Tijdzones zijn gebieden van de aarde waarop een bepaalde standaardtijd wordt waargenomen. De afbakening van tijdzones is meestal gebaseerd op de nationale grenzen waar ze doorheen lopen. Verschillende tijdzones gebruiken de Coordinated Universal Time als hun referentiepunt. Het waarnemen van de positie van de zon is de oudste manier om de tijd te identificeren en gaat terug naar het prehistorische tijdperk. Met behulp van deze methode was de dag verdeeld in drie perioden, zonsopgang, middag en zonsondergang.

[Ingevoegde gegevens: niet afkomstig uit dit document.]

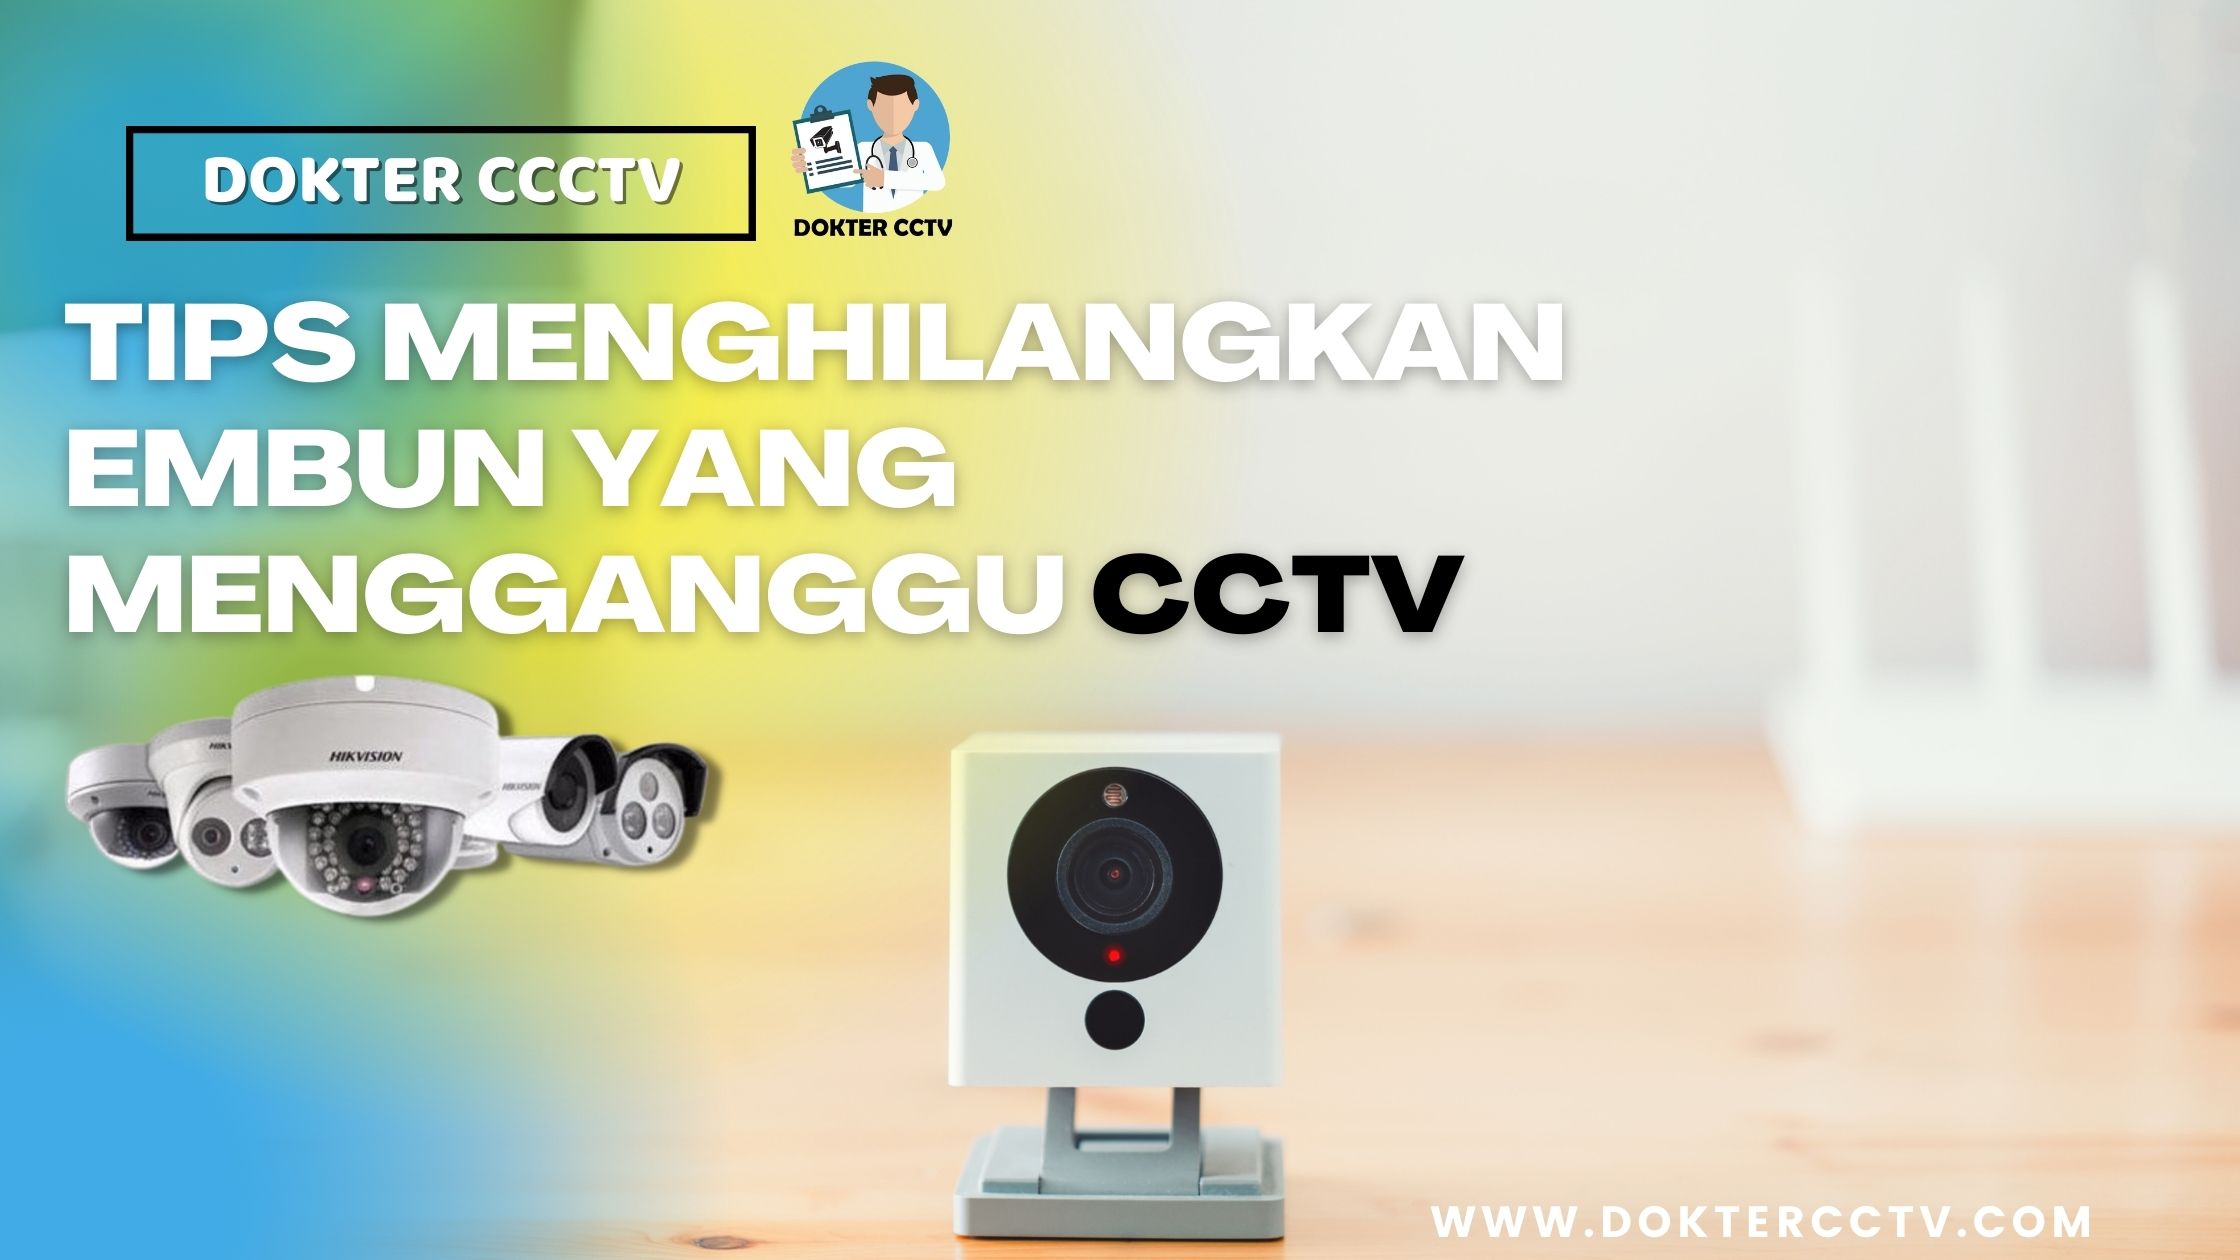 TIPS MENGHILANGKAN EMBUN YANG MENGGANGGU CCTV

Geschiedenis van Tijdwaarneming
Zonnewijzers waren enkele van de eerste apparaten die werden gemaakt om de tijd te bepalen. Deze apparaten gebruikten wat bekend staat als schijnbare zonnetijd, maar dit varieerde over de hele wereld omdat het werd beïnvloed door de lengtegraden. Vanwege hun afhankelijkheid van de zon, zonnewijzers en andere soortgelijke apparaten waren niet-functioneel tijdens bewolkte dagen. De vroege 19e eeuw zag het populaire gebruik van mechanische klokken, en in tegenstelling tot oudere apparaten, deze waren onafhankelijk van de zon en gebruikte gemiddelde zonnetijd. Groot-Brittannië introduceerde de Greenwich Mean Time in de late 17 eeuw, als een standaard waarop zeevarenden zouden verwijzen naar de tijd. Tot deze periode hadden verschillende landen in de wereld hun eigen individuele tijdzones. De industriële revolutie bracht nieuwe innovaties met zich mee, zoals de stoommachine, en bijgevolg de spoorweg, evenals de telegraaf. Deze innovaties verbond de wereld met elkaar, waardoor informatie over grote afstanden kon worden overgedragen. Tijdregistratie was echter een groot probleem aan het worden, waardoor ongemakken werden veroorzaakt doordat klokken verschillende tijden in verschillende regio's doorlezen, wat werd veroorzaakt door het verschil van vier minuten voor elke graad die in lengtegraad werd gewijzigd. De nieuwe industriële wereld vereiste een standaardtijdzone. Spoorwegmaatschappijen, die vooral beïnvloed werden door het gebruik van lokale zonnetijd, moesten eerst een standaardtijd vaststellen.
Oorsprong van tijdzones
De eerste van deze bedrijven was Great Western Railway, die een standaardtijd in 1840 hanteerde. Tegen december 1848 hadden alle grote spoorwegmaatschappijen in Groot-Brittannië voldaan aan en vastgesteld wat de spoorwegtijd werd genoemd, die was gebaseerd op de Greenwich Mean Time. De transmissie van signalen van de in Greenwich gevestigde Royal Observatory naar treinstations in het land werd voor het eerst bereikt in augustus 1852 via een telegraaf. Groot-Brittannië moest echter nog niet officieel de populaire Greenwich Mean Time vestigen, die halverwege de 17 eeuw werd gebruikt in vrijwel alle openbare klokken door het hele land.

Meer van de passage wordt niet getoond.